The Woman Who Didn’t Need Fixing

It is said that if you educate a man you raise an individual but if you educate a woman you raise a nation. According to CARE Australia, when a woman overcomes poverty, she brings at least four others with her.

Women are multipliers – to invest in a woman is to invest in family, communities and society. Wherever women’s voices have found empowerment, health outcomes improve, just systems emerge and sustainable practices are more widely embraced. Women are agents of change, yet remain dramatically under-represented in decision-making bodies from parliament to boardrooms to religious institutions.

Yet women are still told to present differently, organise better and ‘be seen’ in all the right places. But imposing patriarchal traditions of acceptability is not a solution. It’s not women who need fixing, but the structures that make women vulnerable to discrimination in the first place.

We see an illustration in the story of the woman at the well (John 4.1-42.) Often painted as shame-filled and unfaithful, it is more likely this five-times married woman was simply vulnerable to the circumstances of her time and widowed, divorced at a man’s whim, or possibly unable to bear children.

What scripture does describe is a capable, savvy woman. When she leaves the well to tell others about Jesus she has no trouble rallying others to the cause. She is an agent of change.

But unlike the miracles and healing stories, Jesus has not intervened. When she leaves the well she still has no husband.
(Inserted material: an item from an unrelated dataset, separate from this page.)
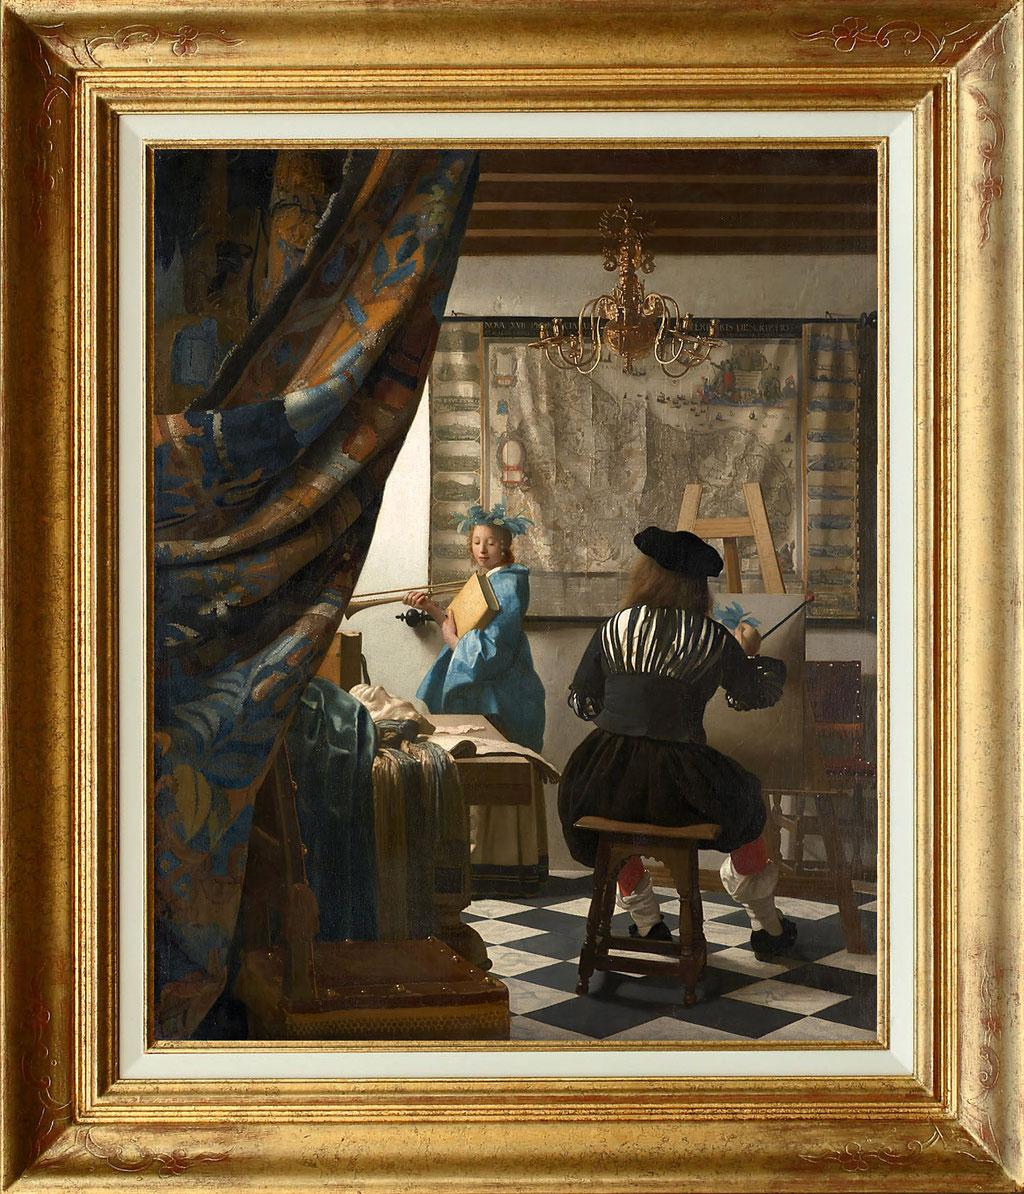 Vermeer, le peintre et son modèle
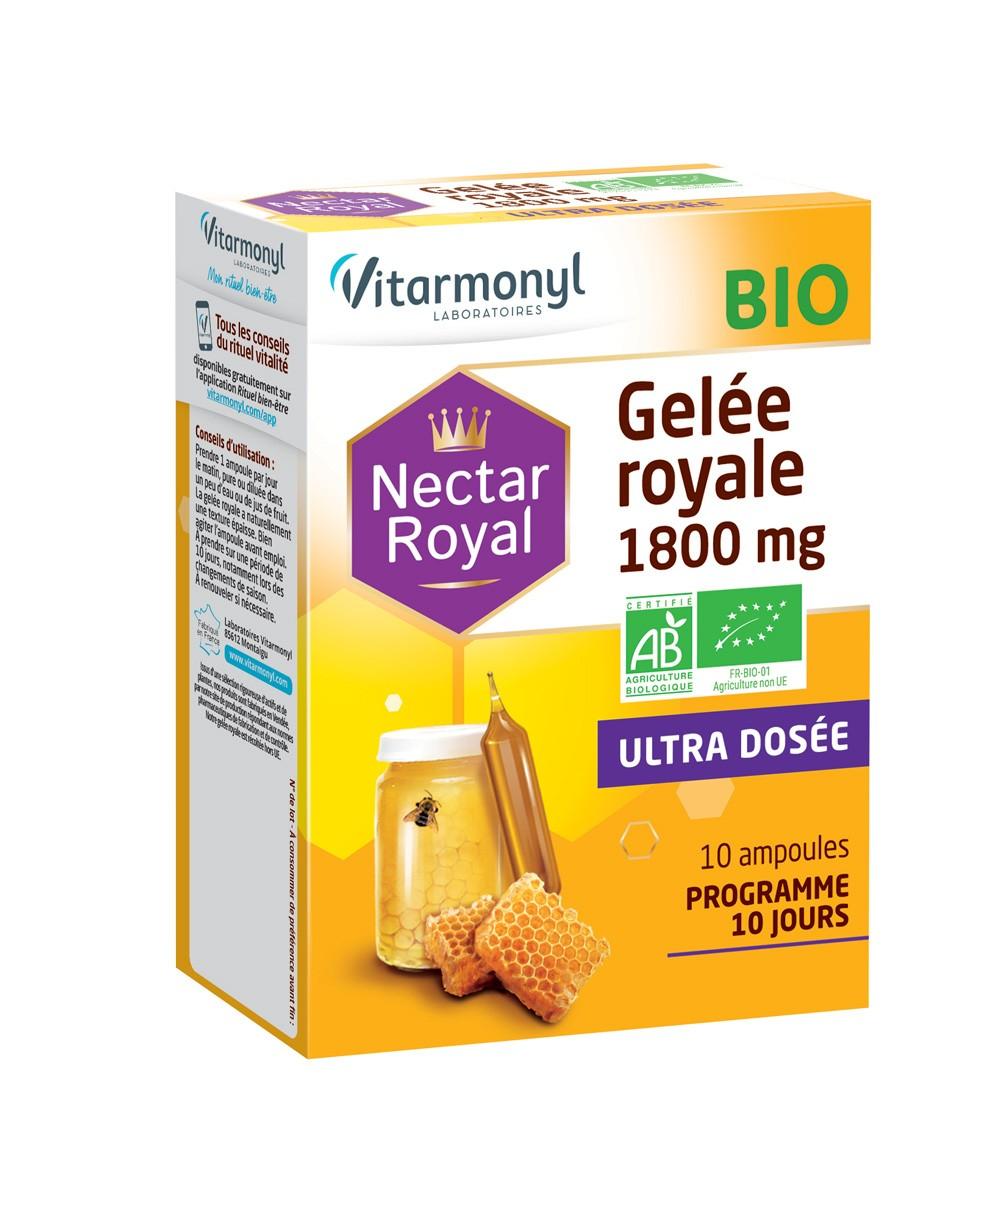 Gelée royale BIO 1800 mg

Her marriage history remains, as does her sixth relationship – whatever form that is taking.

Jesus shows no concern in her relationship status, nor whether she is Samaritan or Jew. He does not try to change her or conform her. This woman does not need fixing.

What does occur is a theological conversation that explores the connection between physical and spiritual thirst – and the temptation to let difference get in the way of the dignity and affirmation we all need to grow into fullness of life.

This woman leaves without her water jug, but as a vessel overflowing with agency, and becomes the first and immediately effective evangelist of the Christ.

This woman’s voice is a blessing to her whole community.

How can we promote the voices of women as a blessing to all the earth?